EXERCISE REQUIREMENTS
Leaving out the images, return the data below exactly as it is written.

INFORMATION PROVIDED
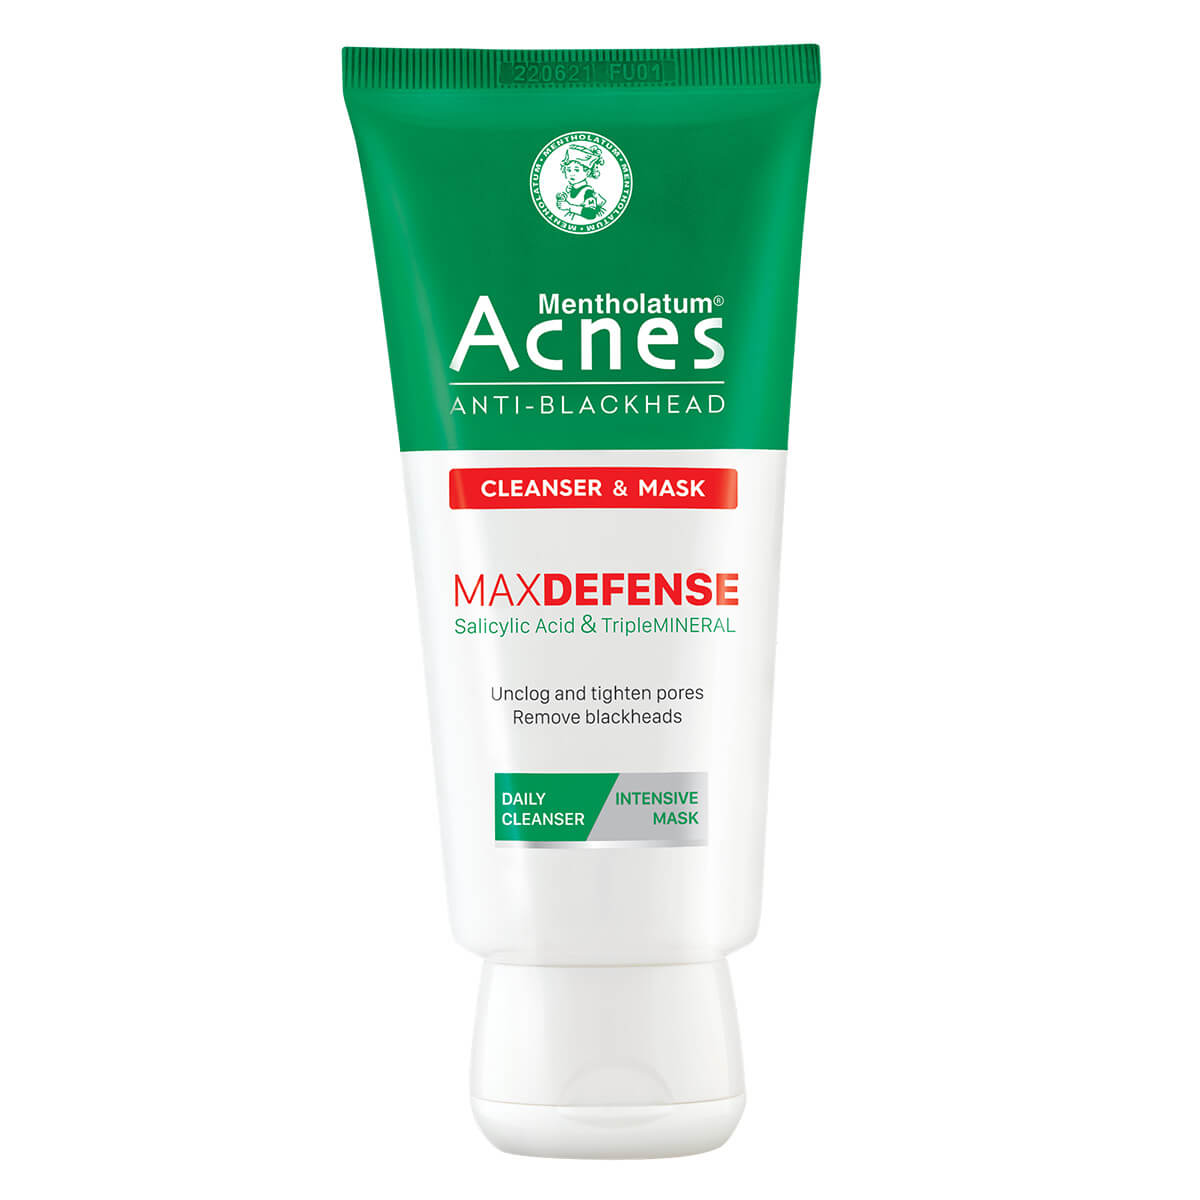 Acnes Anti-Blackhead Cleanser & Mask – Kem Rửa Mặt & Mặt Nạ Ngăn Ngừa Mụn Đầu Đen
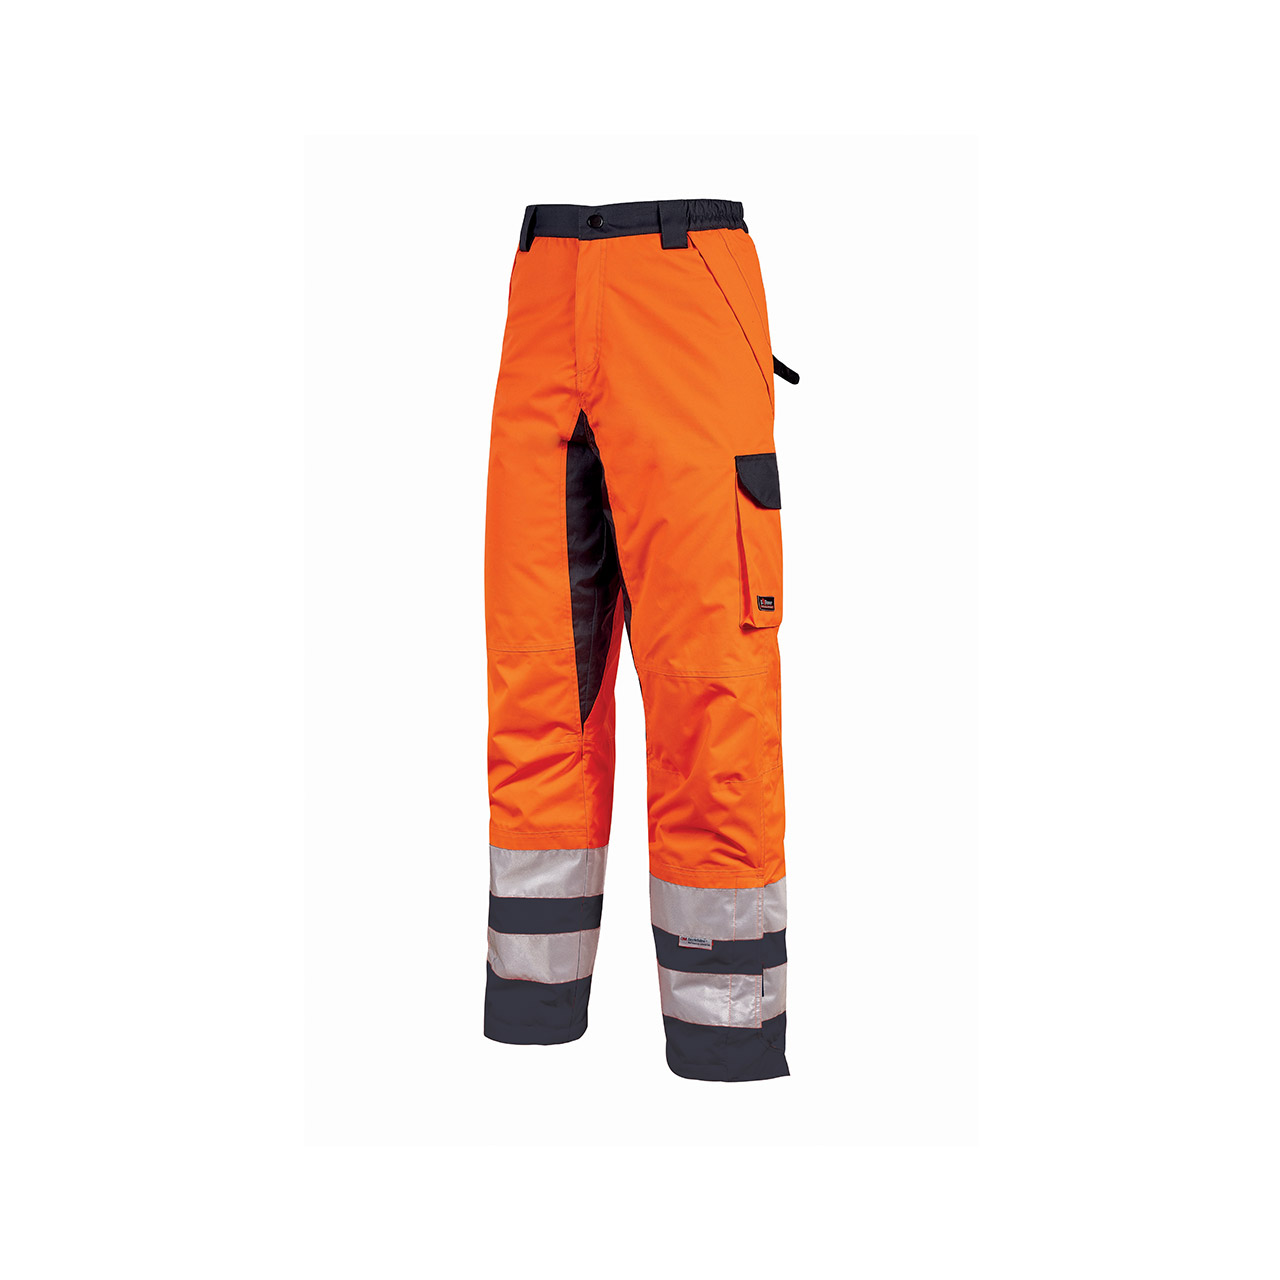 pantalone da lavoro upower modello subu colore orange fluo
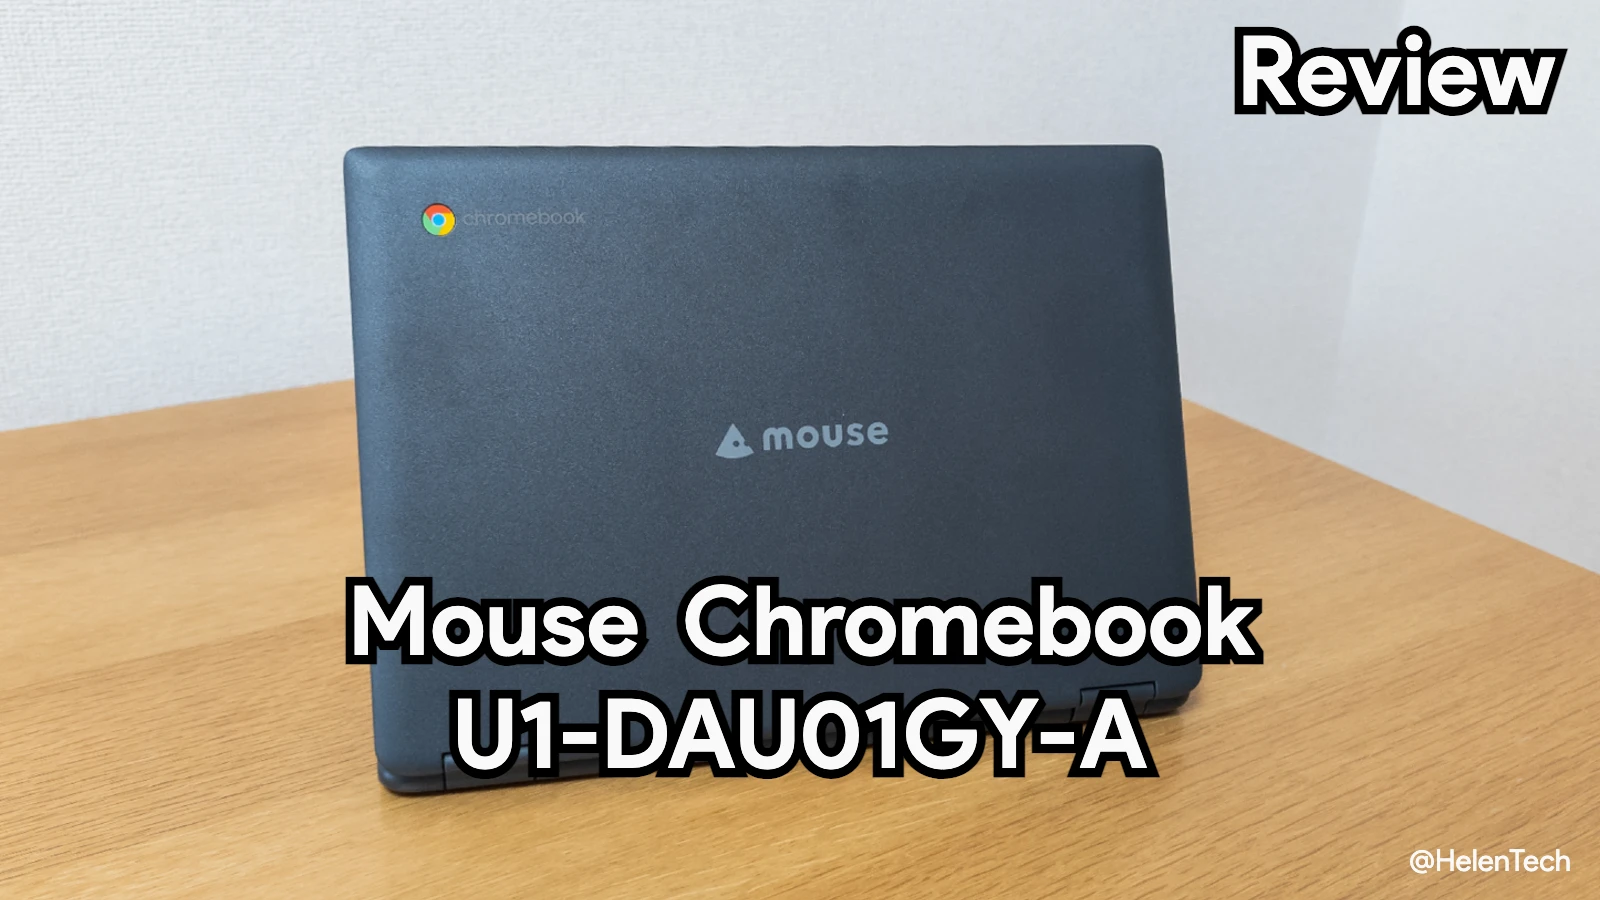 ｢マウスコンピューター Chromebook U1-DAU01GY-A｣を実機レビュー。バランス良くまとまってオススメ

EXERCISE ANSWER
 Acnes Anti-Blackhead Cleanser & Mask – Kem Rửa Mặt & Mặt Nạ Ngăn Ngừa Mụn Đầu Đen
 pantalone da lavoro upower modello subu colore orange fluo
 ｢マウスコンピューター Chromebook U1-DAU01GY-A｣を実機レビュー。バランス良くまとまってオススメ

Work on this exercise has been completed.